→ What is expected
In the copy, include every entry exactly but none of the images.

(Records for the exercise)

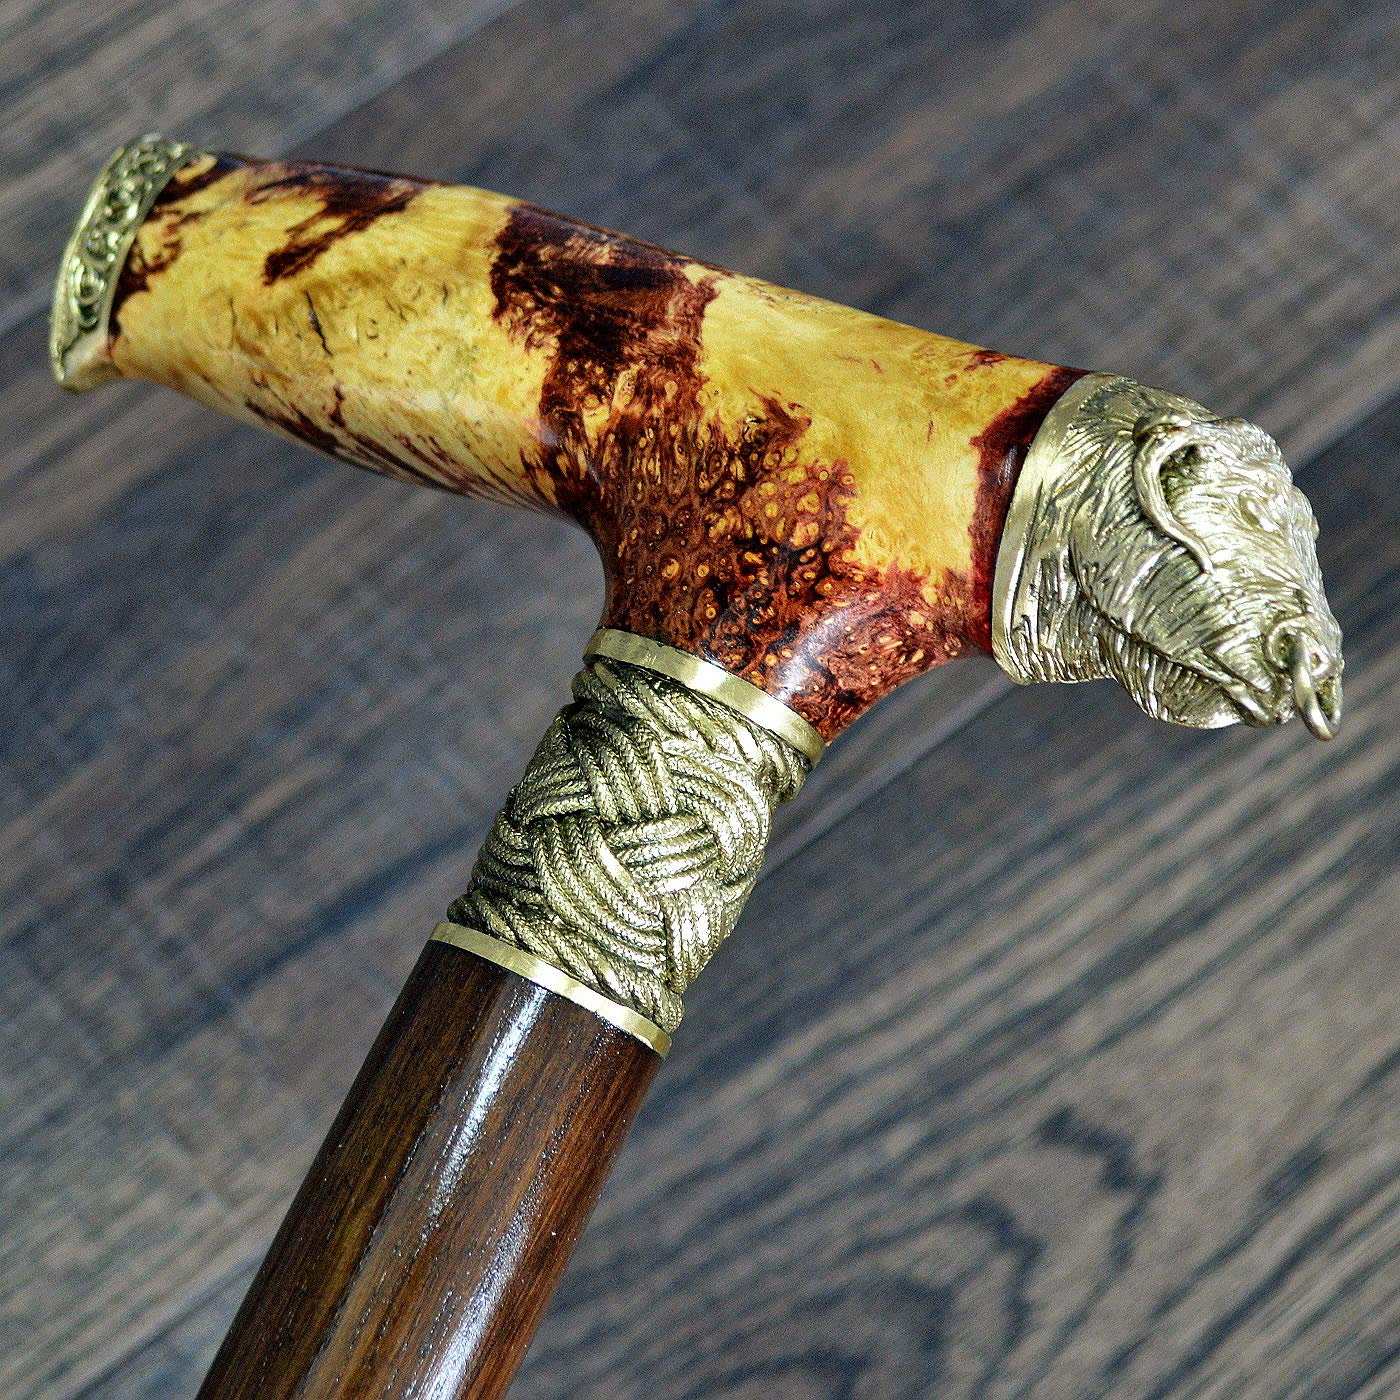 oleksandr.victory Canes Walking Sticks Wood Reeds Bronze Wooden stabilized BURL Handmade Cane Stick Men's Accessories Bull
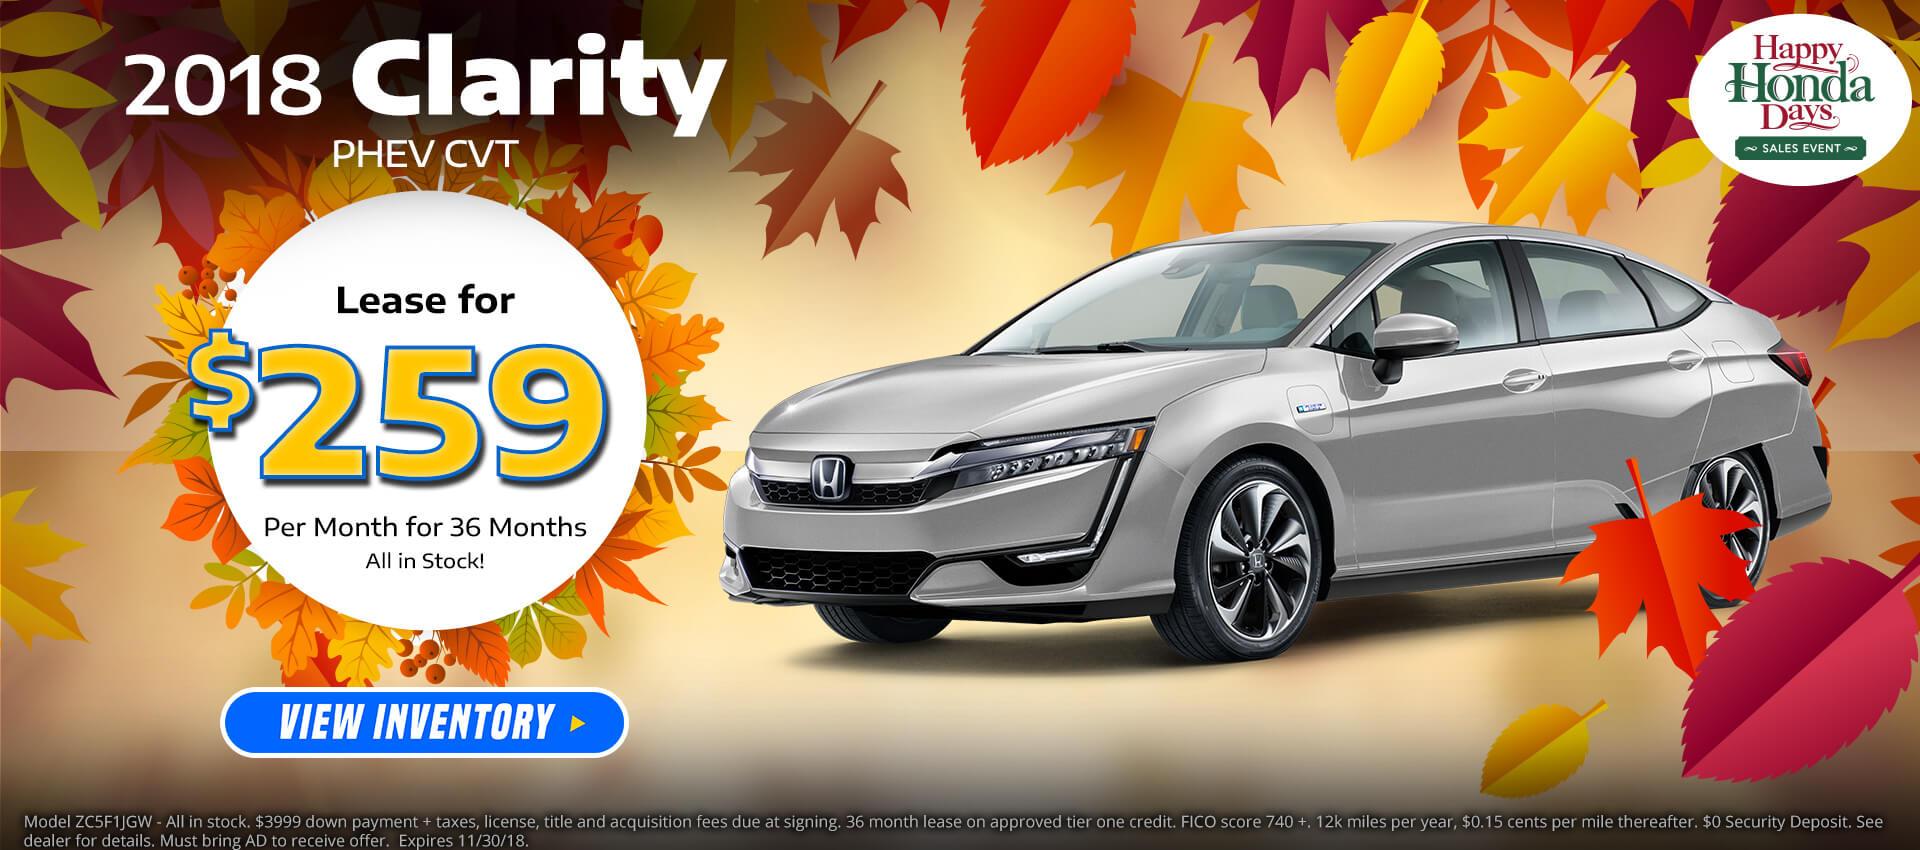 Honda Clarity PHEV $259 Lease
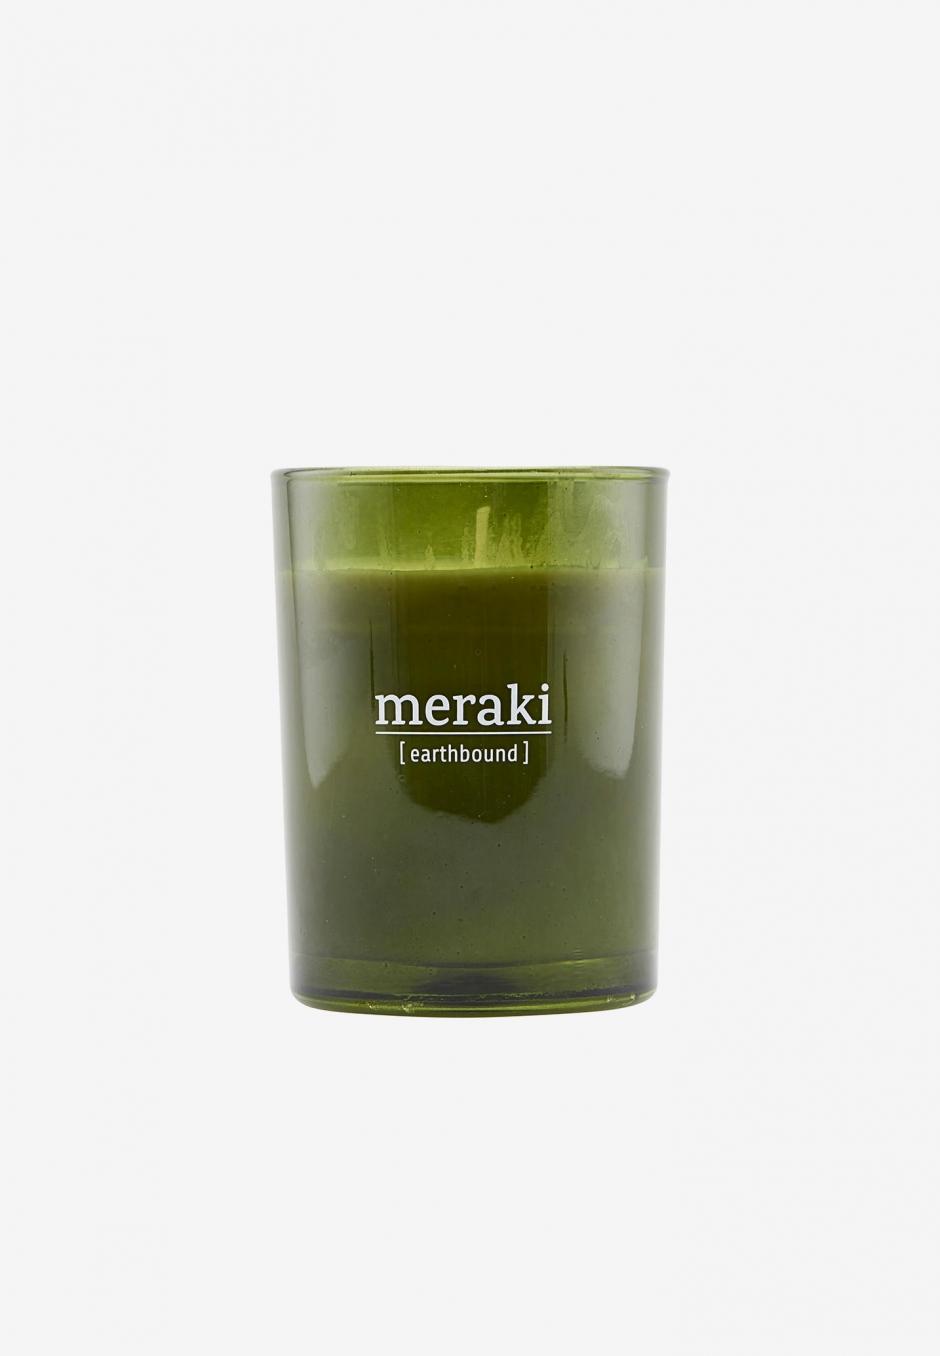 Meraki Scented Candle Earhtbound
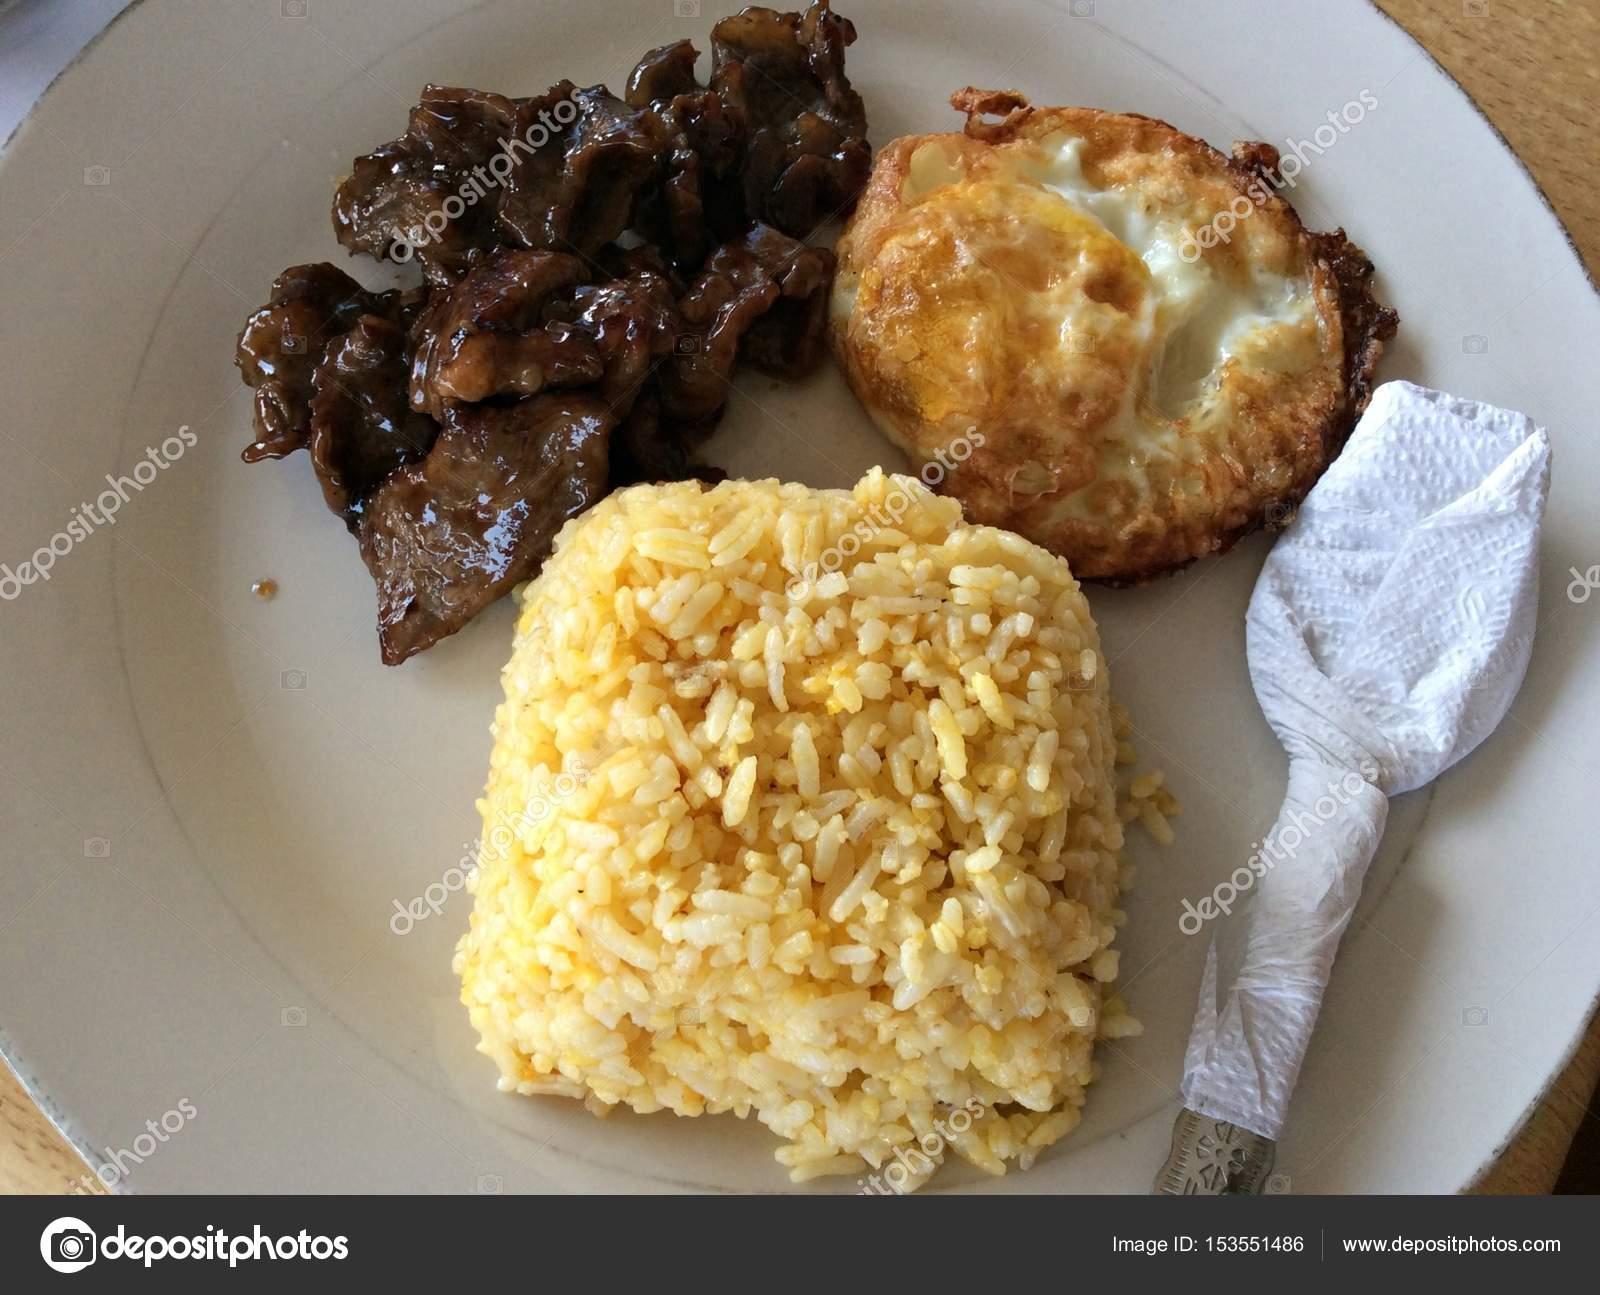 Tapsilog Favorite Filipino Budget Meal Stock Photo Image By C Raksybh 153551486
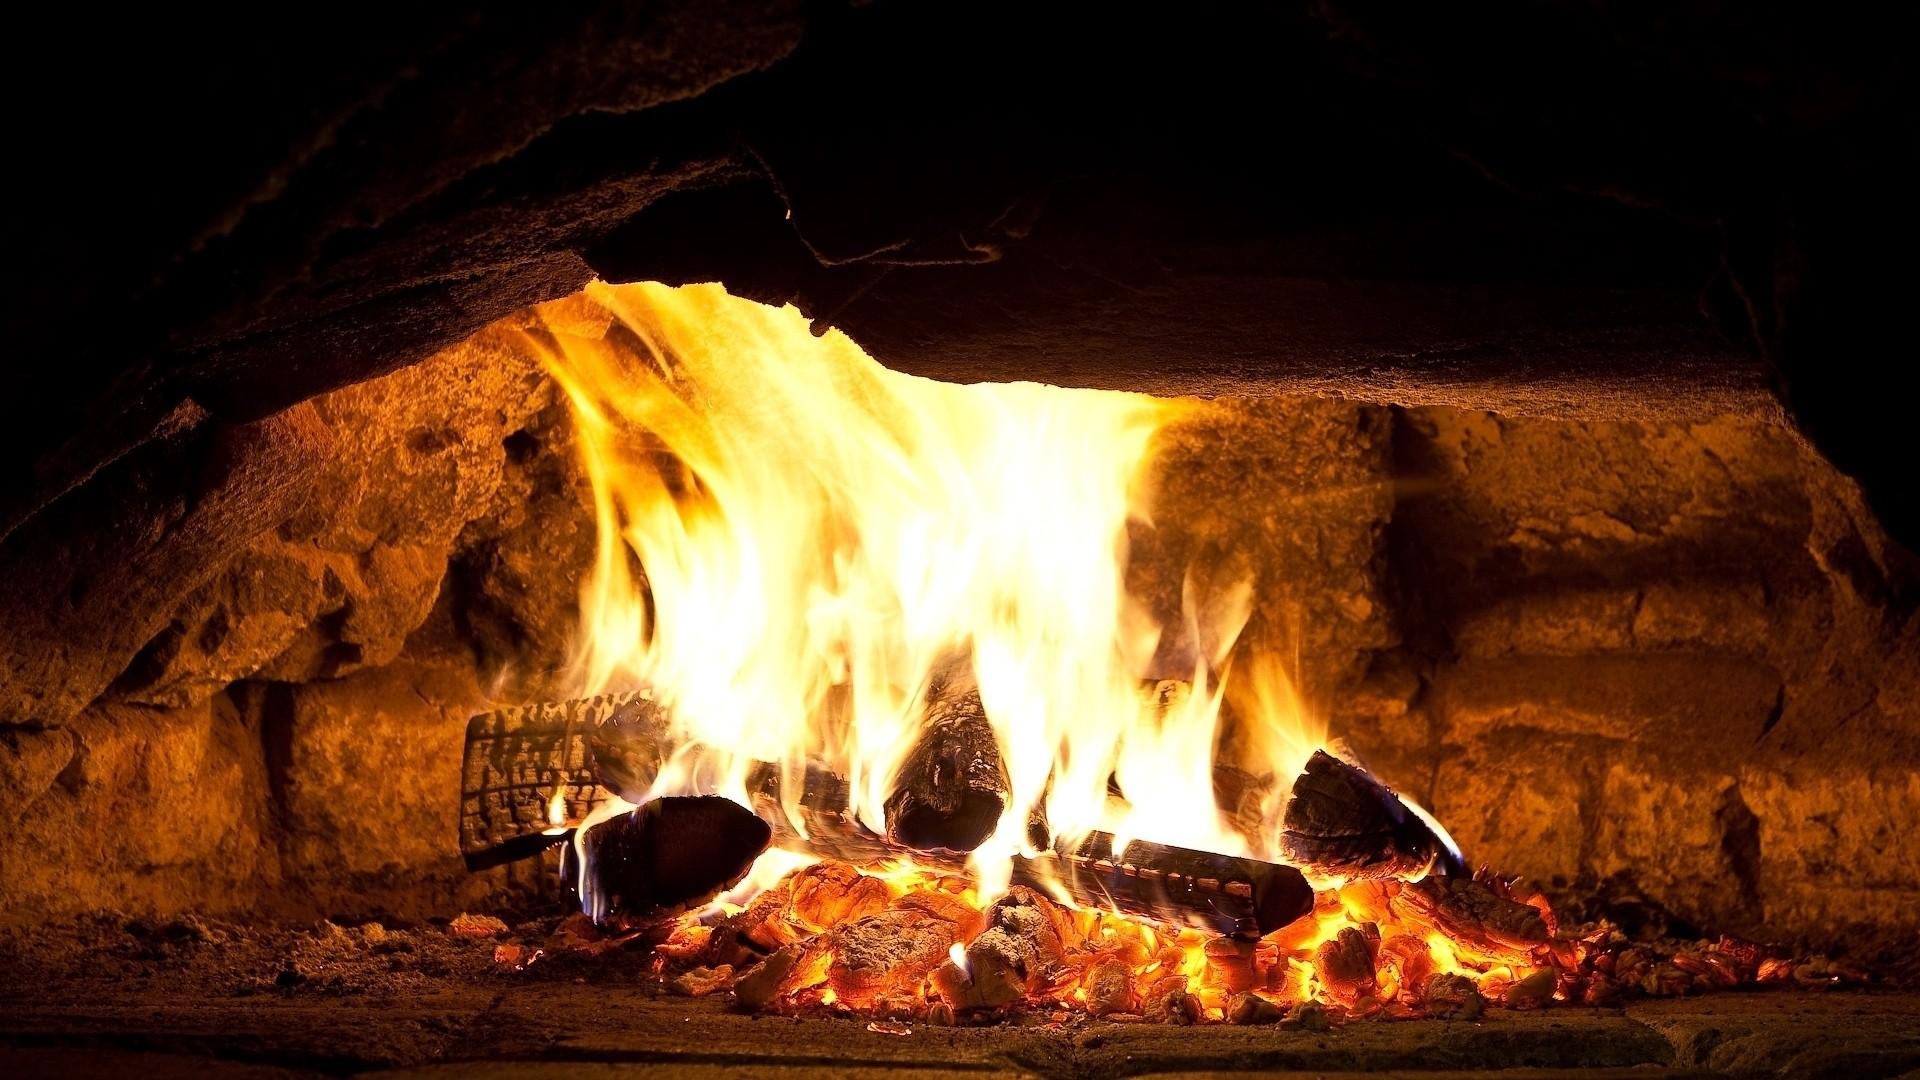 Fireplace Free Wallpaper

(End Records for the exercise)

→ Output for this exercise
 oleksandr.victory Canes Walking Sticks Wood Reeds Bronze Wooden stabilized BURL Handmade Cane Stick Men's Accessories Bull
 Honda Clarity PHEV $259 Lease
 Meraki Scented Candle Earhtbound
 Tapsilog Favorite Filipino Budget Meal Stock Photo Image By C Raksybh 153551486
 Fireplace Free Wallpaper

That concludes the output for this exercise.